Bam! revelation! I know where I'm going! I roll my window down (because unfamiliar cities are always better with the windows down) and a wave of heat hits me and I smell mexican food and dirty socks and keep pressing on (I hope all of Vegas doesn't smell like this).
All day I wander around, from street to street, but my goals were not the usual goals of tourists, no no, they were to go to every thrift store in Vegas (yes you may say it, I am a PARTY ANIMAL). Salvation Army (is pure awesomeness), Goodwill (makes me cry with joy), Savers (is overrated), Savers (Is overpriced), Savers (Is huge) Goodwill (some more). I now have filled the car with a GIANT bag of stuff that I only shelled out a whopping twenty buckaroos for. I feel the sweet burn of success and when I pick Matt up, I proudly present the loot. He laughs and we make our way to the strip...and that was the last of our happiness.

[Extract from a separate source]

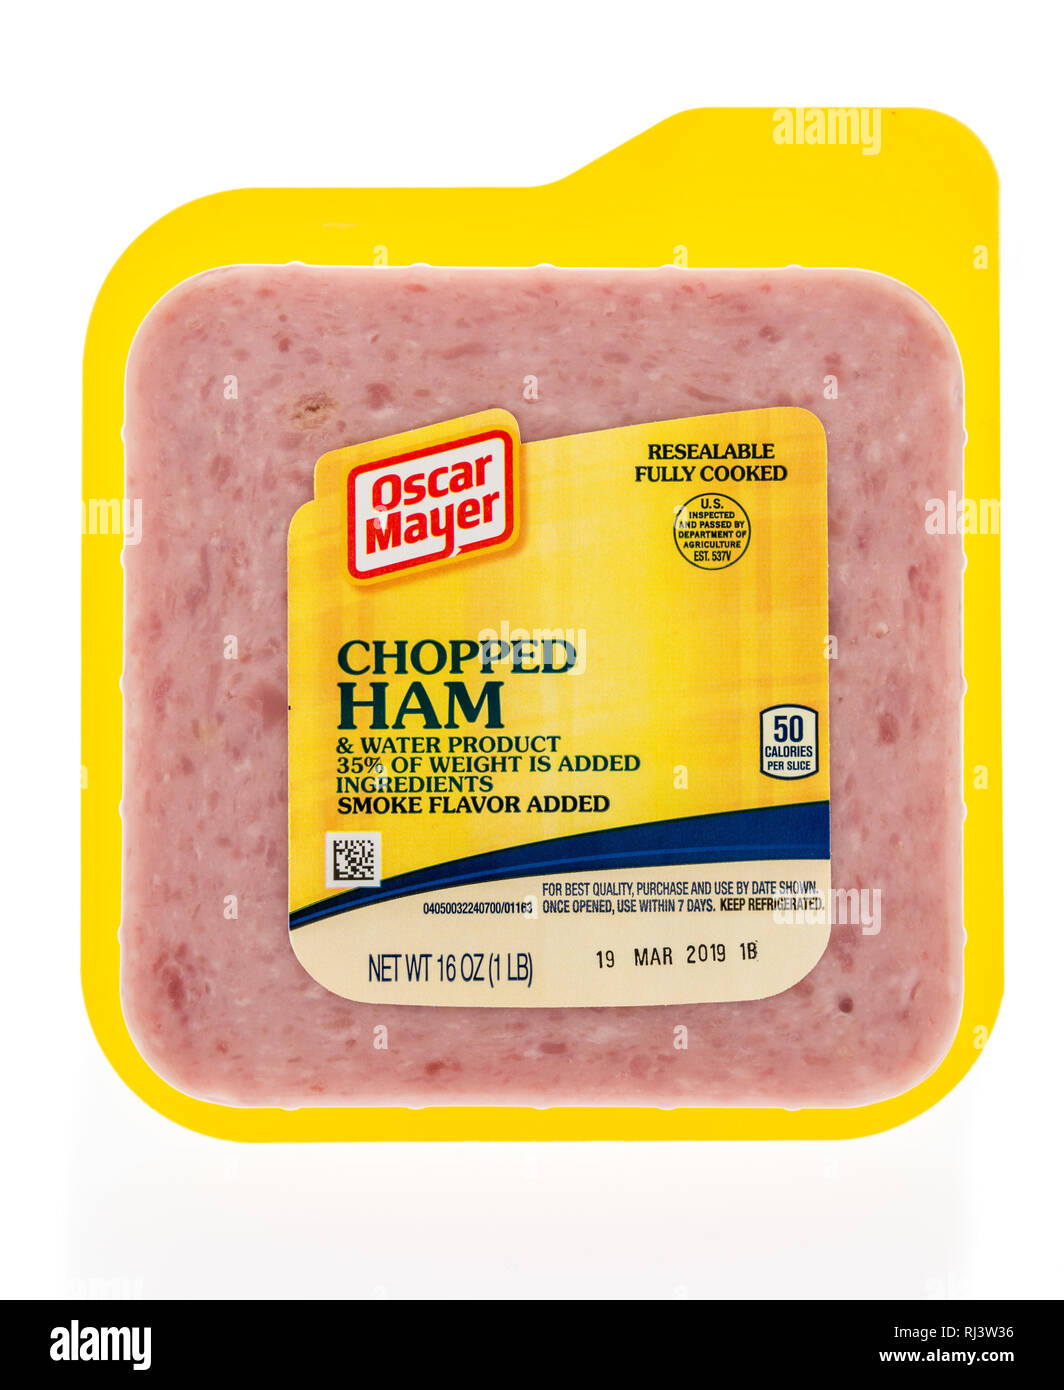 Winneconne, WI - 2 Feb 2019: A package of Oscar mayer chopped ham lunch meat on an isolated background Stock Photo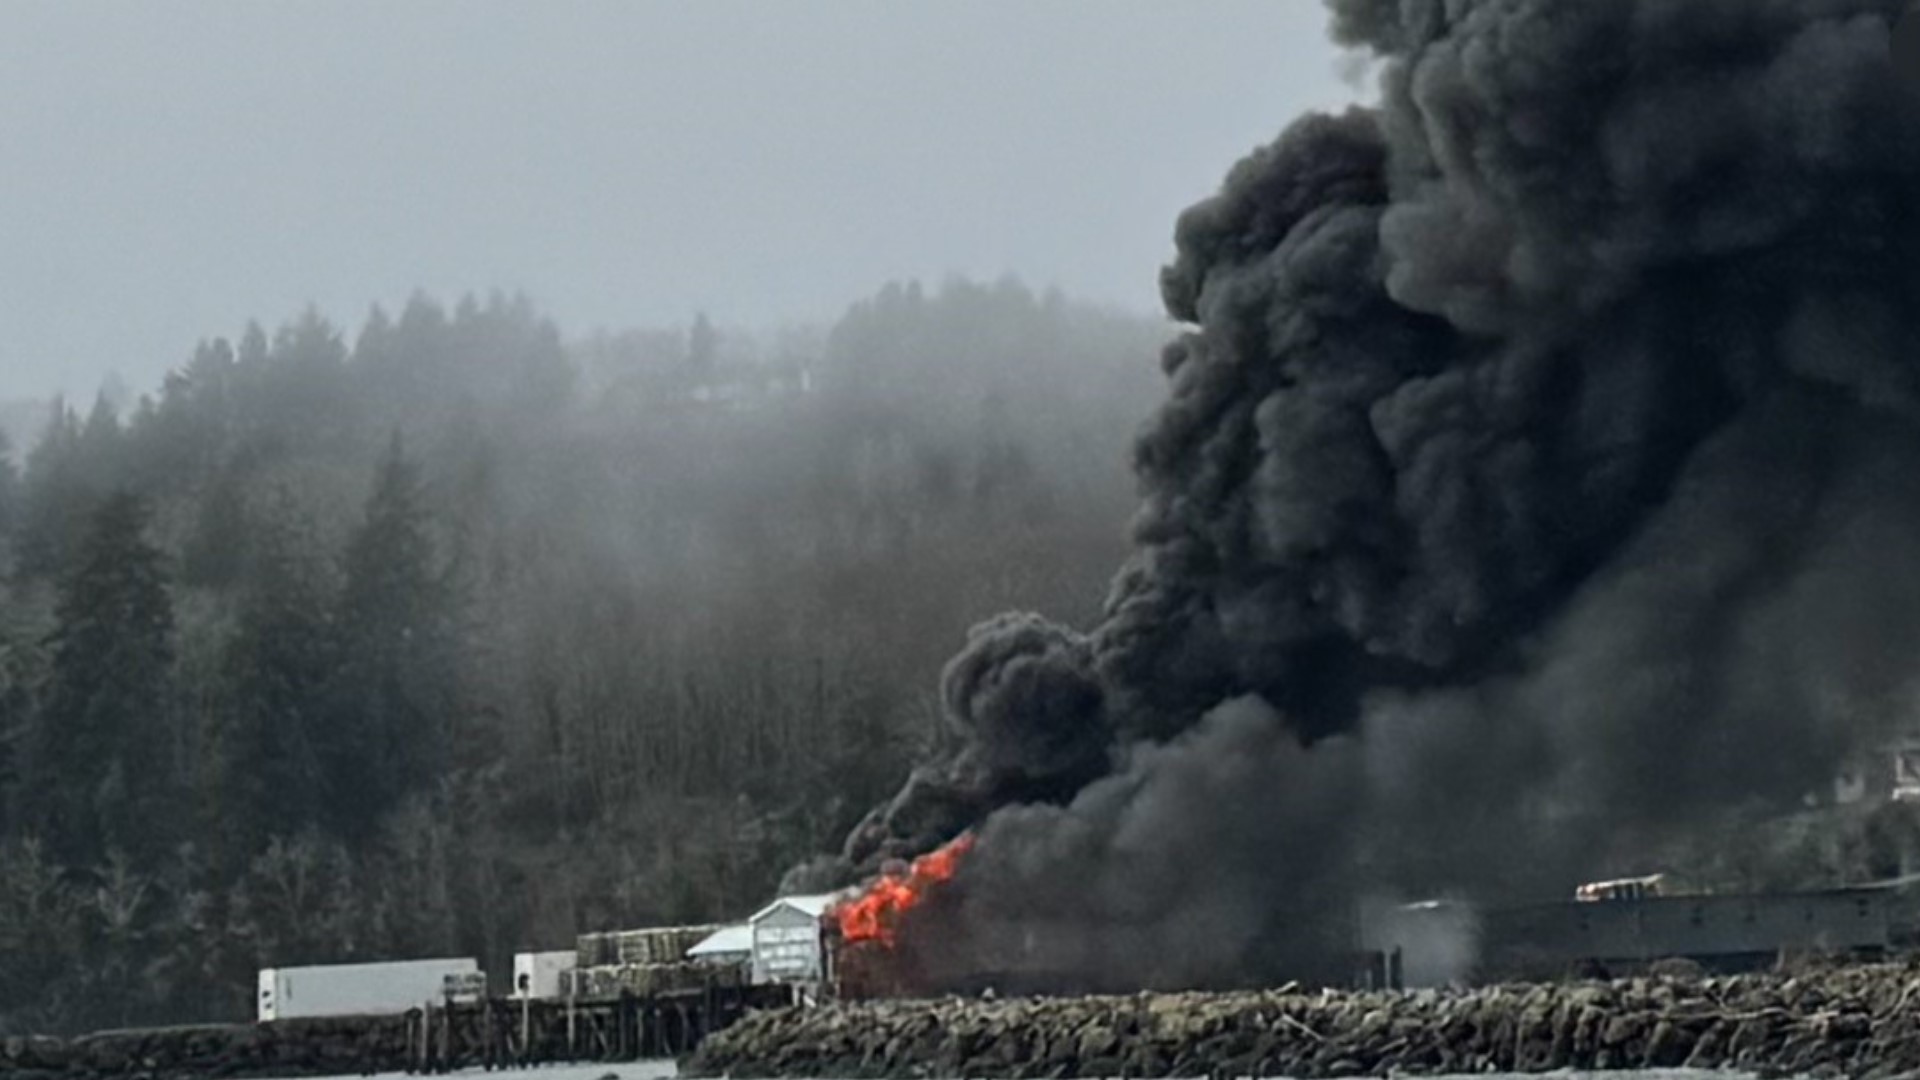 Ilwaco seafood processing facility catches fire | Raw video - KGW.com

See this Matt, he's not such a fan of Vegas. So I was out to prove him wrong, I told him we'd have fun, see shows, take funny pictures. So we park and start meandering and we get to our first cross walk....big mistake. These tiny little men with neon green shirts start coming towards us, clicking their cards together, and shoving their cards in our hands, the sidewalk is completely covered with the cards. What are these mysterious cards I wonder? I take a glance and see filth, total filth with terrible with pictures of nude girls on them that say, "Girls directly to you." (or something unremarkable and stupid)
I'm completely filled with anger, "This is my husband your trying to give these cards to" I think in my head. "Your handing these out to little children!" my mind screams. We keep pushing our way through the crowd hoping that we can escape the reach of the pushy neon men. I considered taking their huge stack of cards and do something drastic like throw them in trash but decided that might be a little too bold so I just quicken my step. Finally we make our way to get our tickets to Cirque De Soleil and their sold out (sold out? sold out???). So we ask what tickets are left, "Playboy is having a comedy skit." oh why yes please, because we haven't had enough porn shoved in our face yet. We walk away defeated and the rest of our night was spent walking through the pushy neons, clicking their cards like a little field of crickets
I'll just put it nicely and say the best part of the day was eating nutella ice cream and playing I spy with street performers (best entertainment of the night, I REALLY need to know how to get a hold of a transformer suit.)
So the rest of the trip we steered clear from the strip, ate ourselves some sushi and got the heck out of there. Sorry guys, but I am no longer a fan of Vegas. We're not going back any time soon.